Boston – Quality assurance programs like the one at the Quality Assurance Review Center (QARC) in Worcester, Mass., strengthen the quality of clinical trials, including cooperative groups conducting National Cancer Institute-supported clinical trials, thereby improving the standard of care in cancer patients, according to a study presented September 21, 2008, at the American Society for Therapeutic Radiology and Oncology's 50th Annual Meeting in Boston.
The Quality Assurance Program, provided by QARC at the University of Massachusetts Medical School, was founded in 1980. The program's services include site credentialing to ensure that those looking to conduct clinical trials have the expertise, equipment and tools necessary to properly participate in research trials. The Quality Assurance Program also establishes benchmarks to monitor the ongoing trials and provide feedback to the physicians conducting the trials. This monitoring helps ensure that patients get the best treatments possible while making certain that the data obtained from the trials are valid and statistically significant.
From 2003 to present, QARC performed reviews on radiation therapy protocols for 6,449 patients enrolled in NCI-supported clinical trials. Cases are reviewed prior to or very early in the radiation therapy course, so that modifications in treatment can be implemented to make the treatment compliant with the study requirements. This study shows that this improved the overall quality of the clinical trial and its potential outcomes.
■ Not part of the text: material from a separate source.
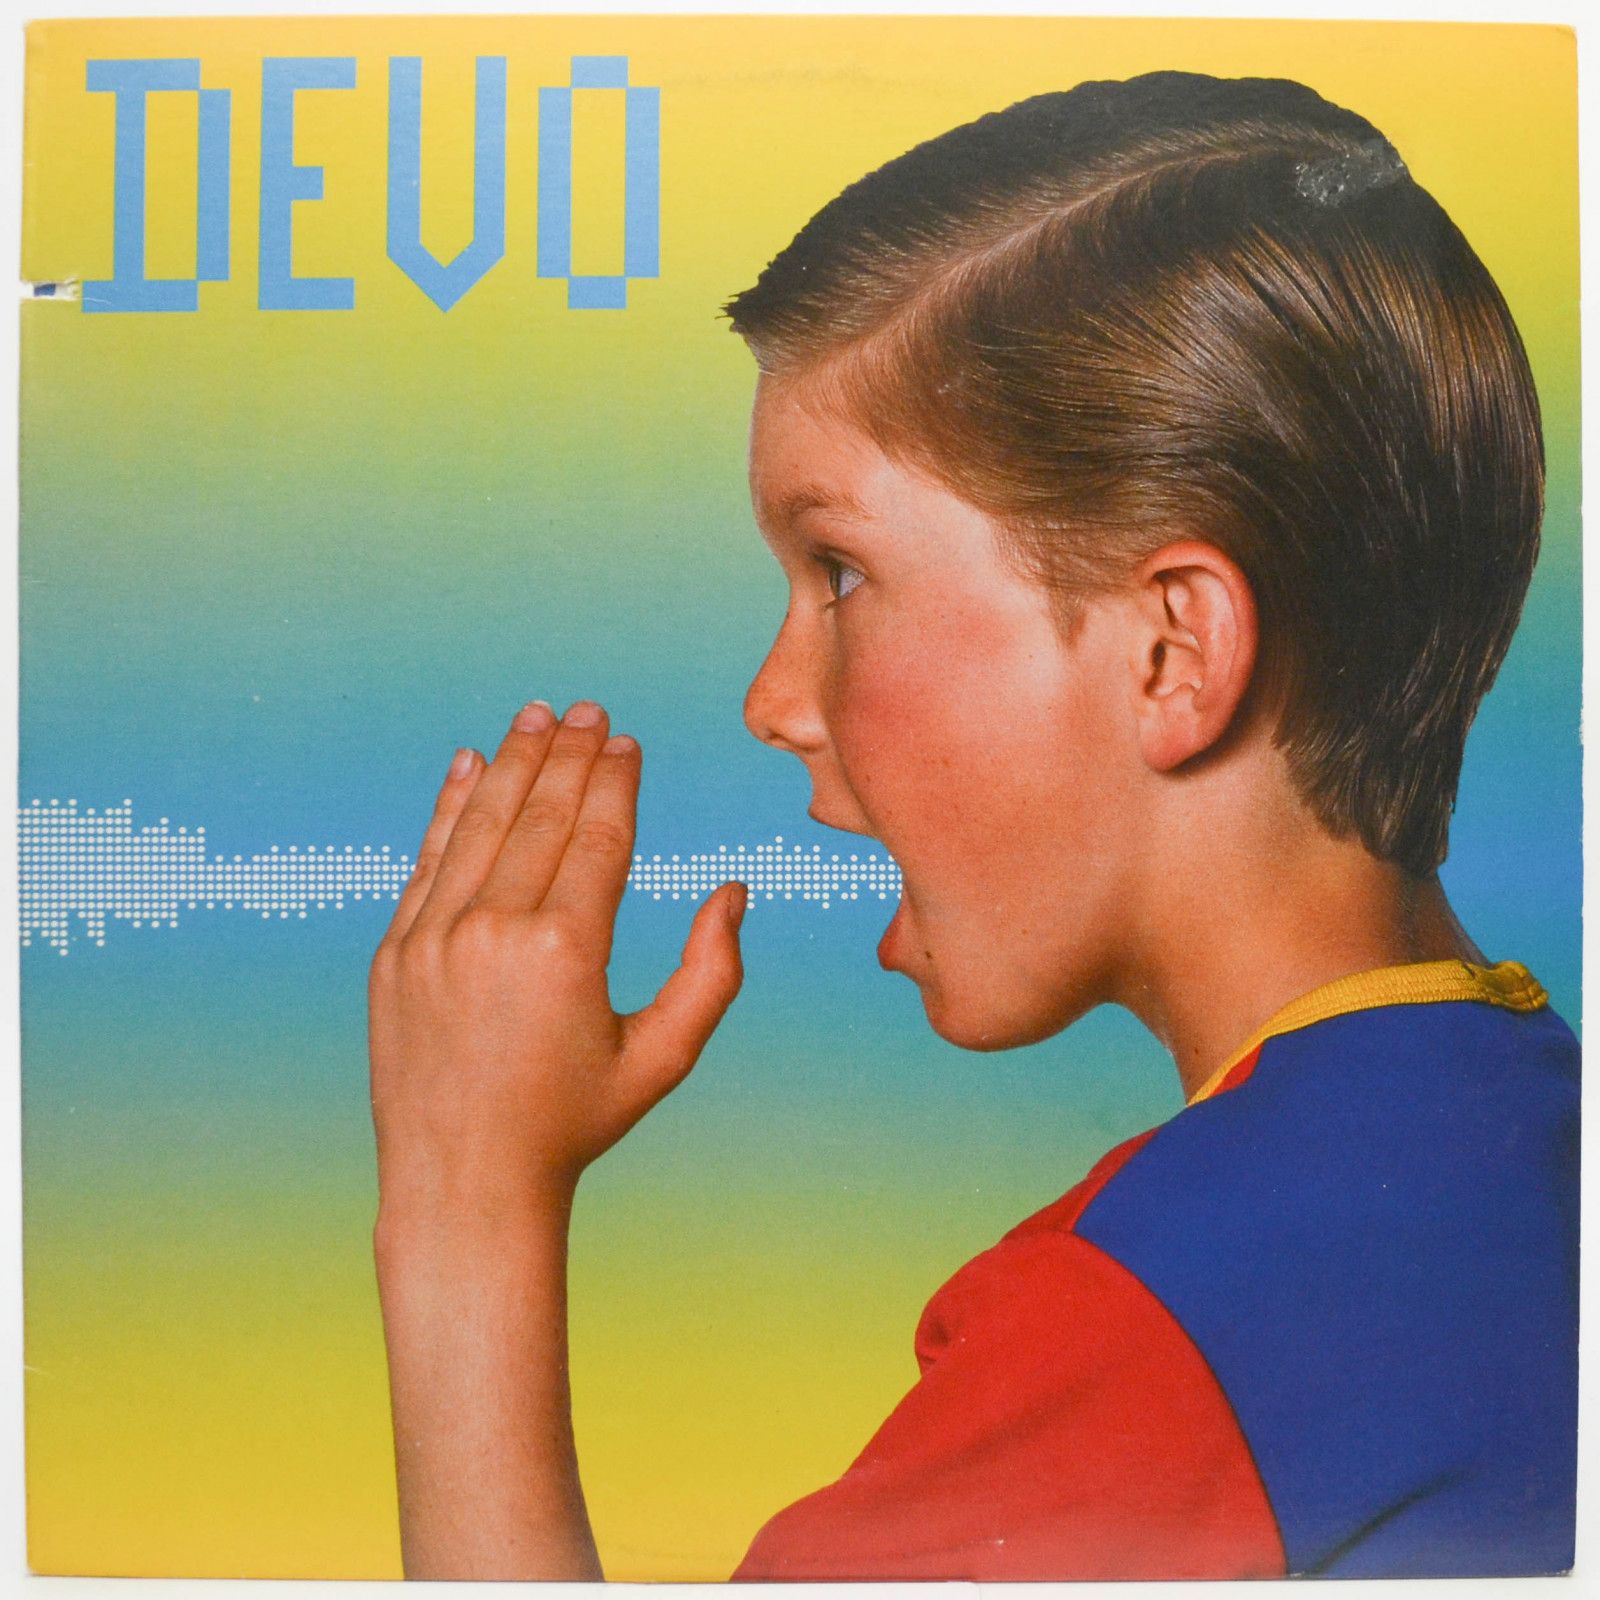 Devo — Shout (USA), 1984

"Clinical trials are one the most important tools that the cancer research community has to evaluate treatments and protocols in an effort to cure cancer" T.J. FitzGerald, M.D., a study author and a radiation oncologist at QARC, said. "This study shows that a quality assurance program, like ours at QARC, can help cancer researchers conduct better clinical trials. This in turn helps patients get the best treatments possible, while recording the data in a way to help other cancer patients and further help the cancer community better understand what treatments work best."